Faced with its worst cash flow crisis in a decade, the UN will start axing fancy cocktail soirees for ambassadors, an official told reporters Friday.
The UN will also switch off its iconic fountain, elevators and heating beginning Monday in a bid to cut costs.
Under-Secretary-General for Management Strategy, Policy and Compliance, Catherine Pollard, told reporters of “very dire” cash shortages because of $1.3 billion that member states owe in 2019 dues.
“For the second successive year, we’ve exhausted all the regular budget liquidity reserves despite several measures we already put in place to try and reduce expenditures and to align them with available cash reserves,” said Pollard.
Tightening their belts ever-further, the suites that UN ambassadors use to wine and dine fellow diplomats, politicians and policy wonks will be closed for cocktail parties and other events scheduled after 6 p.m. (1000GMT), said Pollard.
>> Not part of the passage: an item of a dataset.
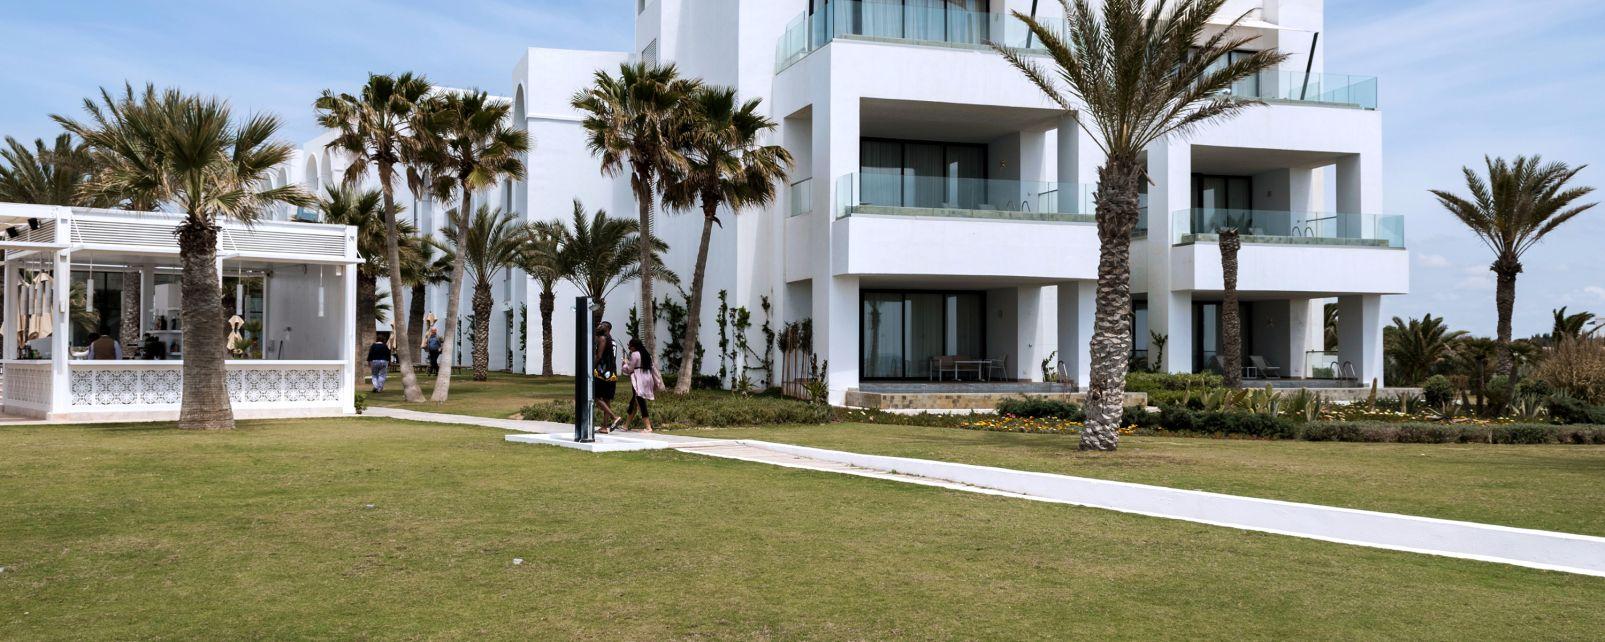 Hôtel La Badira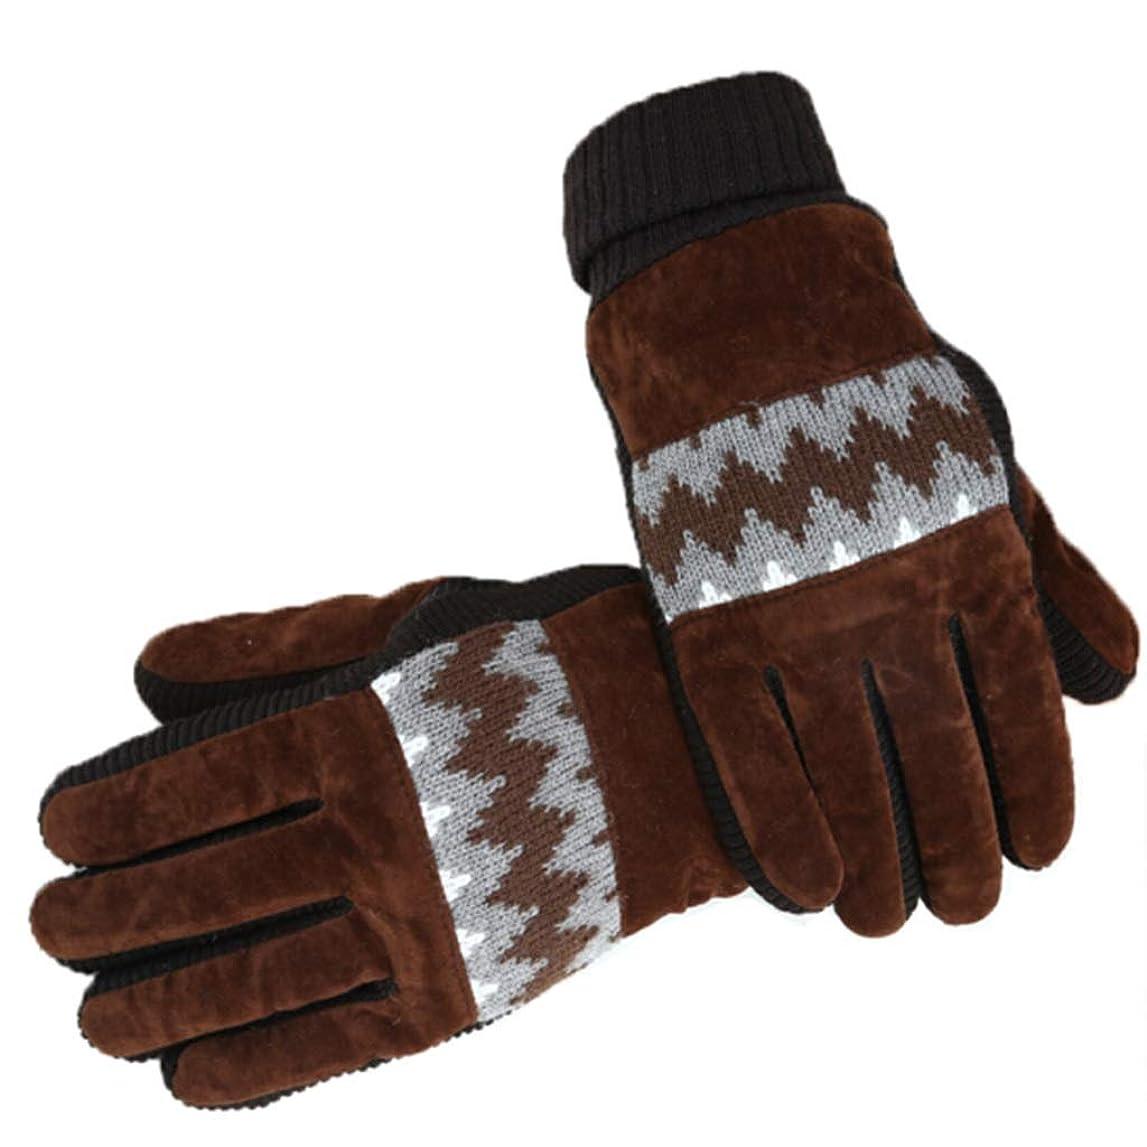 廃止する掘る愛人手袋の男性の冬プラスベルベット寒い暖かいサイクリング秋と冬の防風タッチスクリーンの綿手袋の水リップル黒 (色 : Brown)

“I know that many of you also go to some of the functions that are hosted by delegations in the delegates’ rooms. Those functions are going to be curtailed from next Monday,” Pollard said.
“We had several events that were in the pipeline, and we are currently reviewing all of those with the sponsors to see how we can accommodate them.”
UN staff will only be allowed “essential travel,” said Pollard. There will be cutbacks on interpreters, translators and the issuing of documents, while radiators and escalators will be switched off to save power.
Even the landmark fountain in the plaza in front of the UN secretariat building, a 100-foot (30-meter) illuminated circular pool that was donated by American schoolchildren in 1952 , will be switched off in the economy drive.
Although most of the UN’s 193 members have paid their 2019 dues in full, more than 60 countries still owe cash, including its top contributor, the United States. This has left the world body with a 30 percent hole in its budget.